▸ **EXERCISE DIRECTIONS**
Set down the full listing below word for word; pictures stay out of the copy.

▸ **INPUT DATA**
* * * * * * *
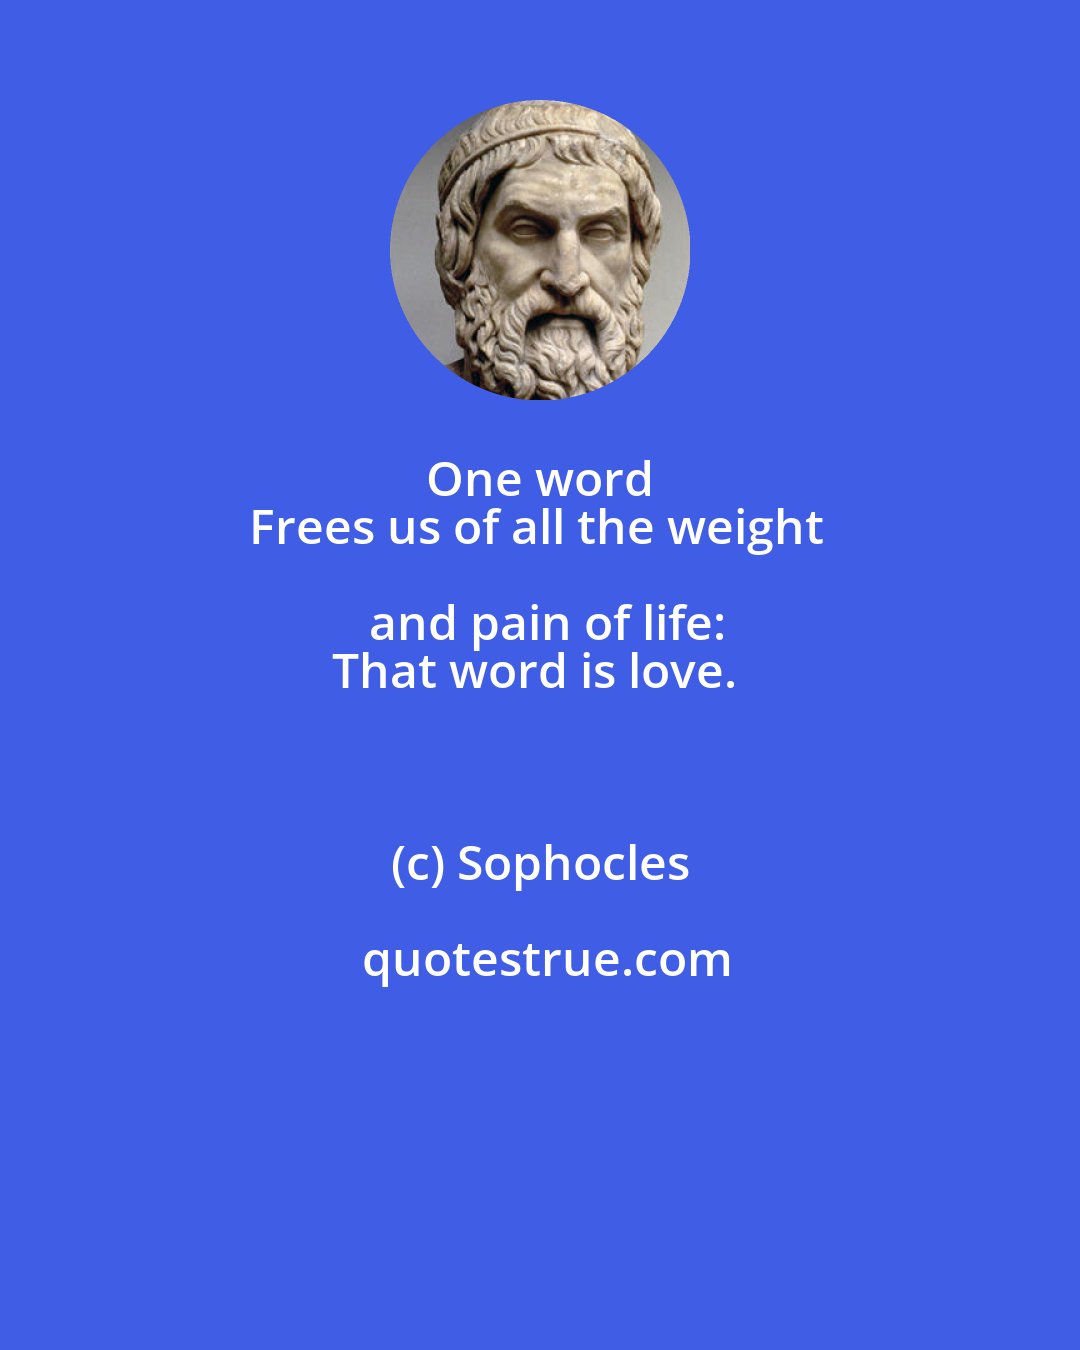 Sophocles: One word 
Frees us of all the weight and pain of life:
That word is love.
* * * * * * *
▸ **OUTPUT**
 Sophocles: One word 
Frees us of all the weight and pain of life:
That word is love.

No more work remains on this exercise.